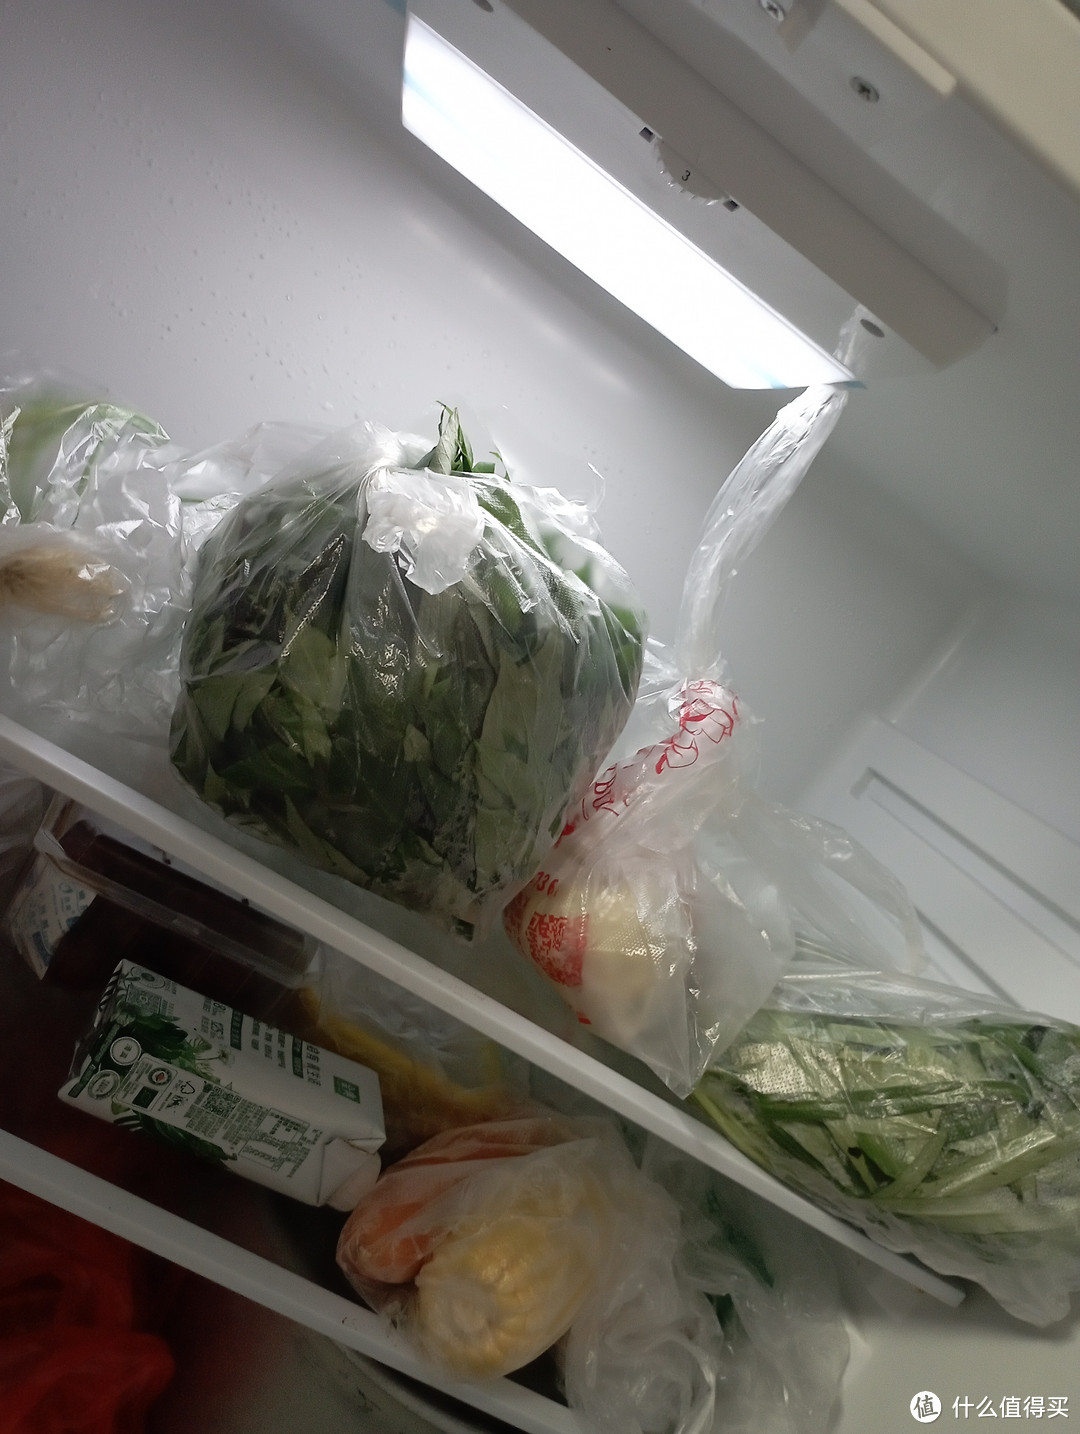 以下是关于家用双开门冰箱的分享
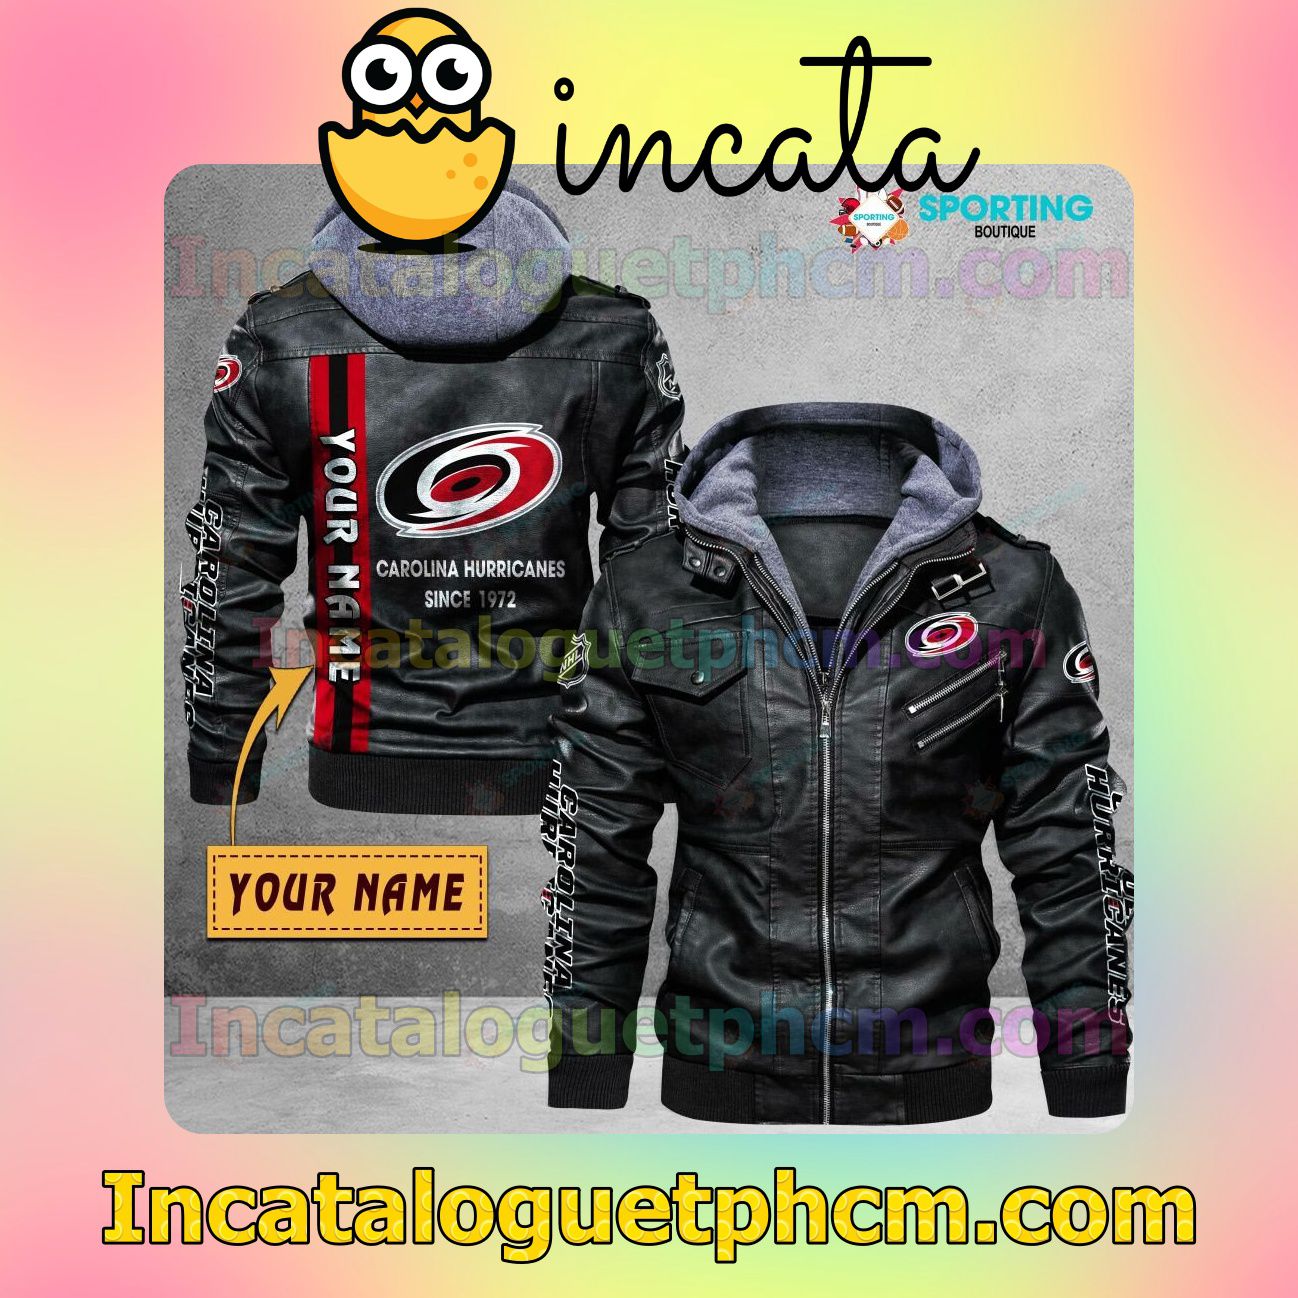 Carolina Hurricanes Customize Brand Uniform Leather Jacket
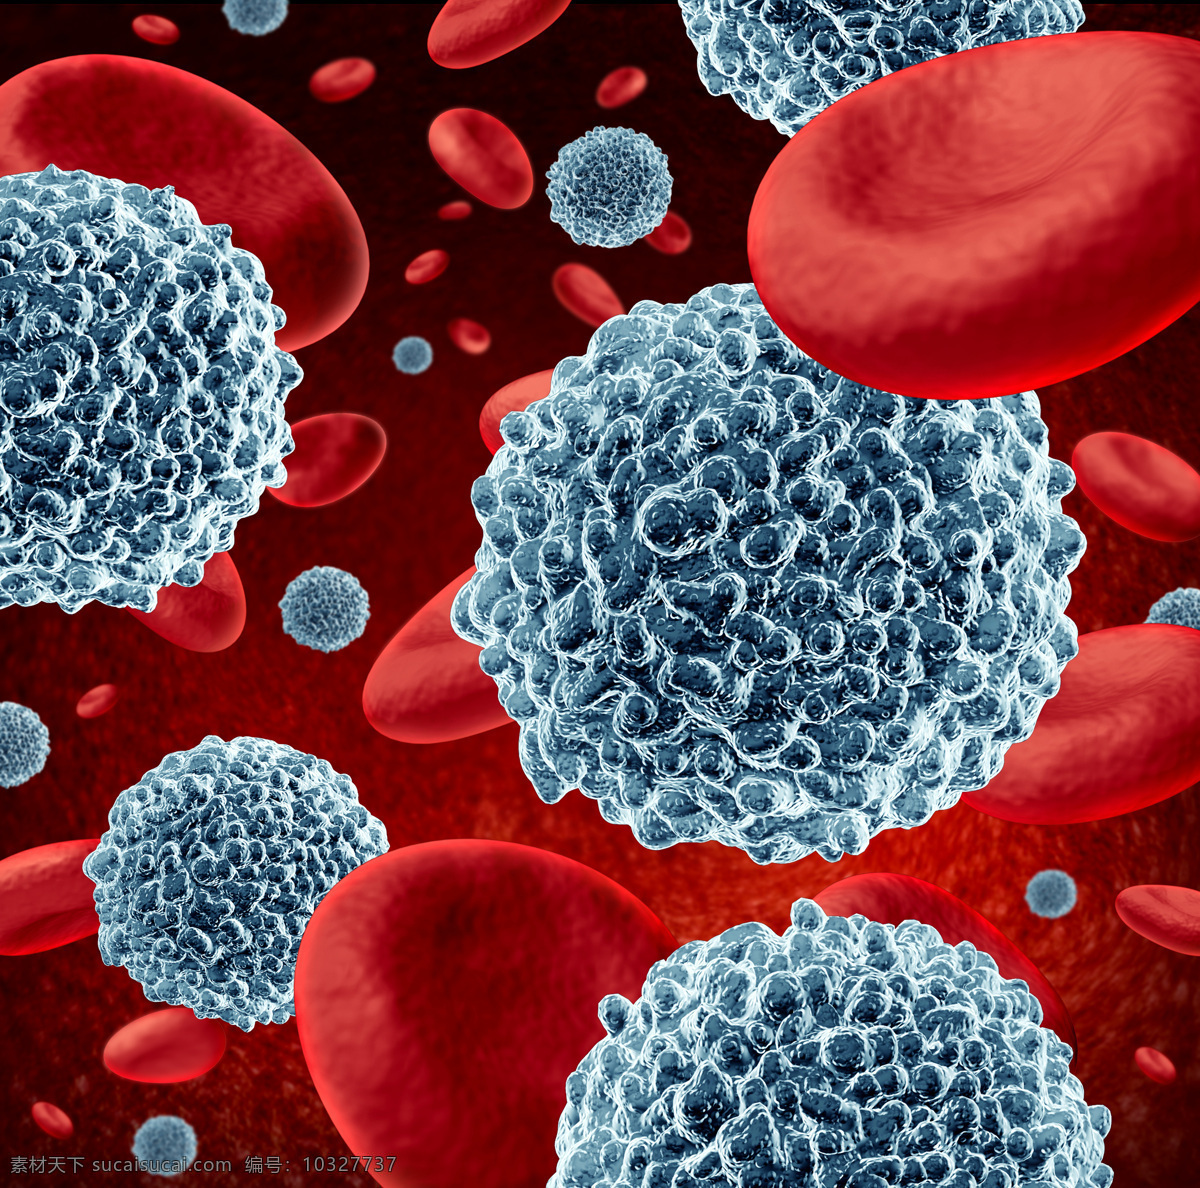 红细胞血管 生物 病毒 高清 背 红细胞 微生物 生物细胞 血管 生 物类 现代科技 科学研究
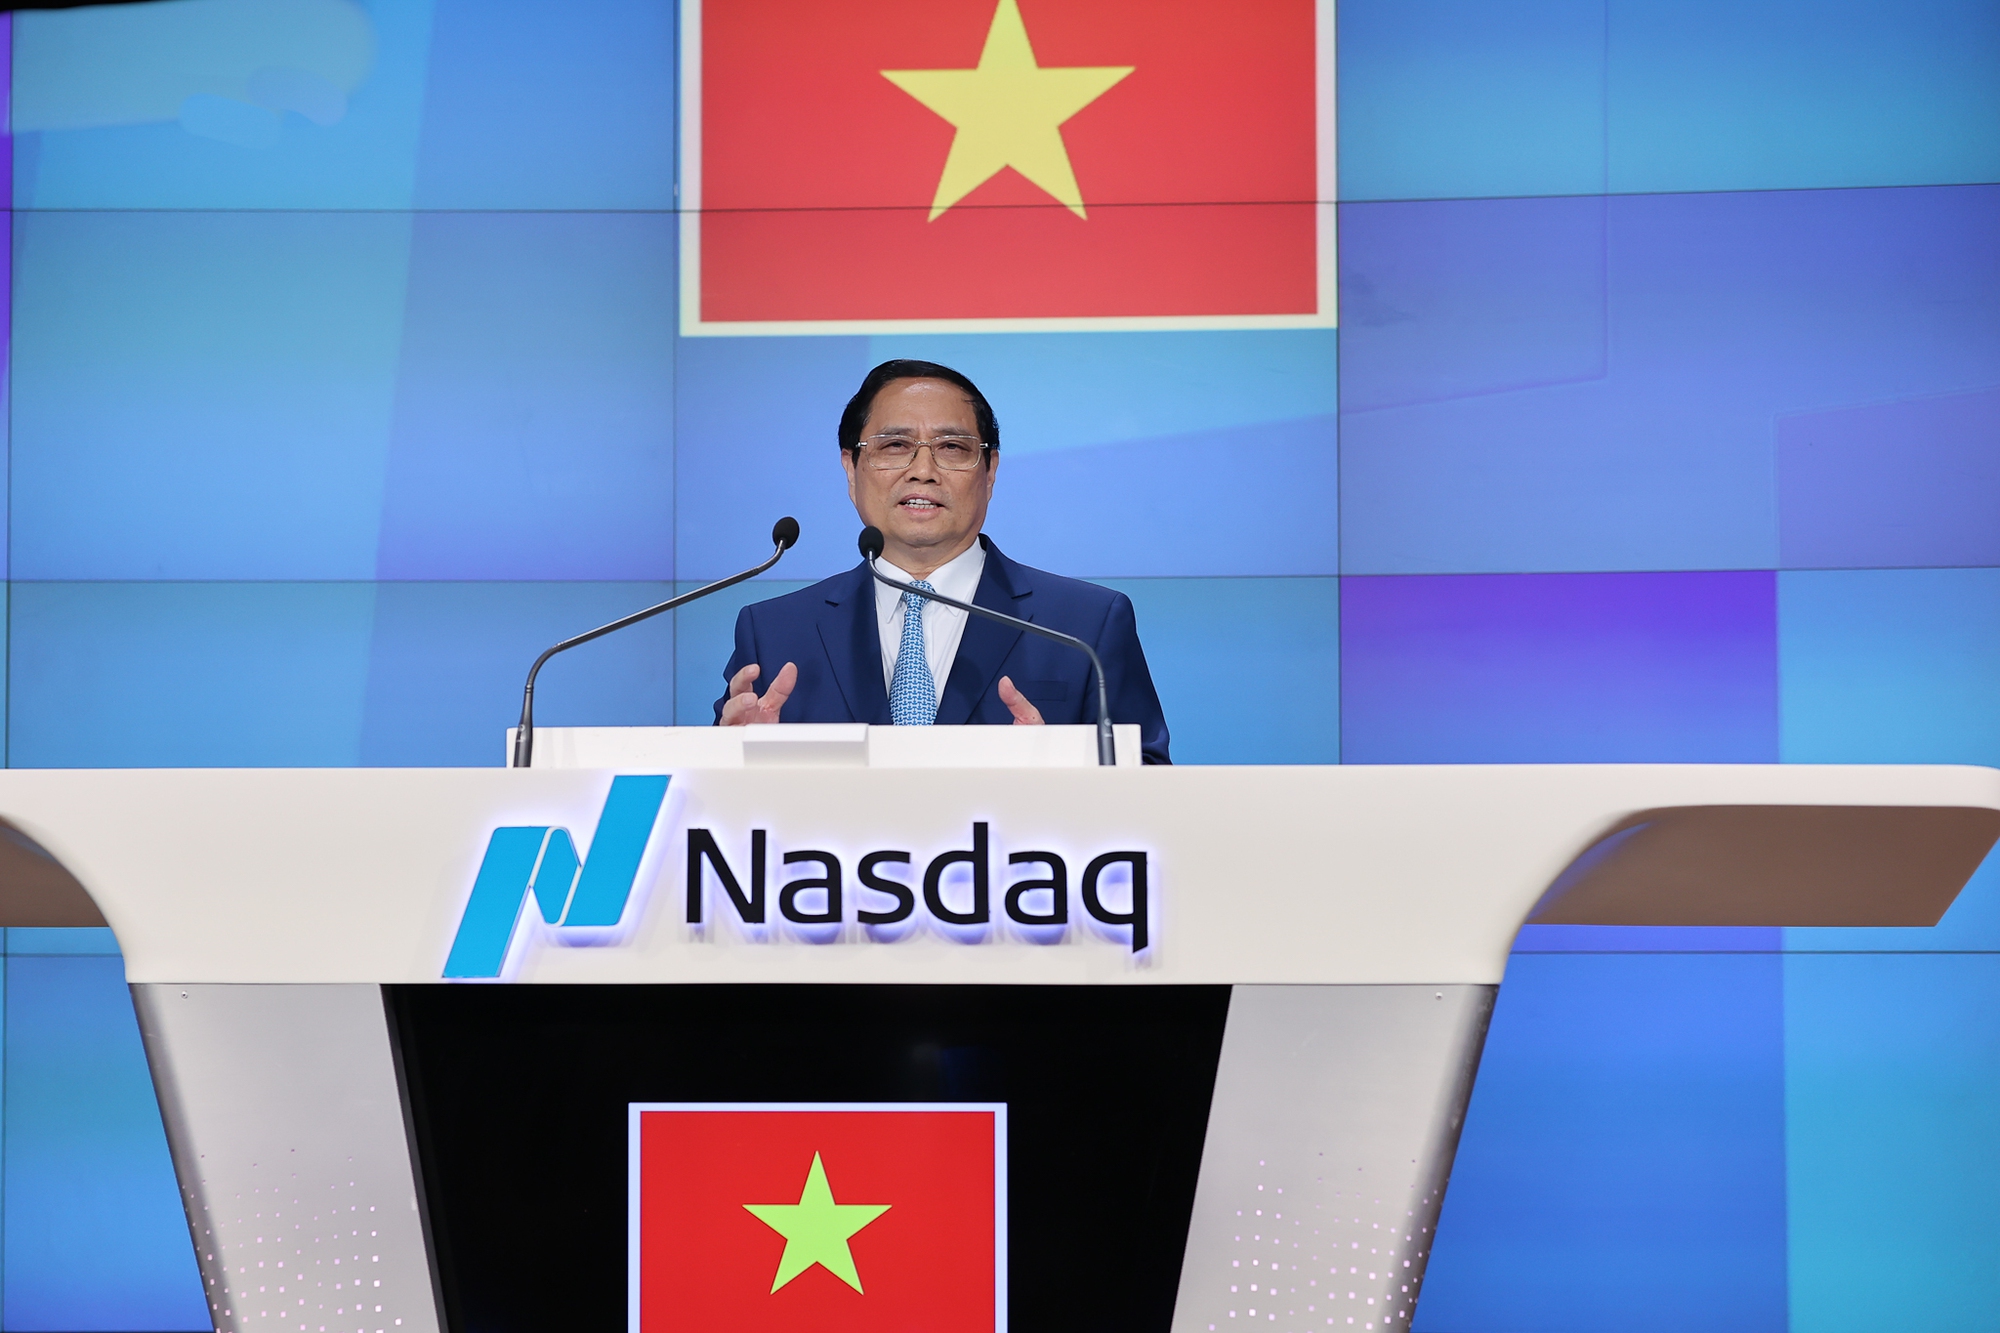 Thủ tướng rung chuông tại Sàn chứng khoán NASDAQ, kêu gọi các nhà đầu tư Hoa Kỳ - Ảnh 5.
+++
Instructions for the task -
Starting with the line that contains "Carolina Hurricanes Customize", give the lines again exactly as they appear through the last line of the data, pictures excluded.

Result of this task -
 Carolina Hurricanes Customize Brand Uniform Leather Jacket
 红细胞血管 生物 病毒 高清 背 红细胞 微生物 生物细胞 血管 生 物类 现代科技 科学研究
 Thủ tướng rung chuông tại Sàn chứng khoán NASDAQ, kêu gọi các nhà đầu tư Hoa Kỳ - Ảnh 5.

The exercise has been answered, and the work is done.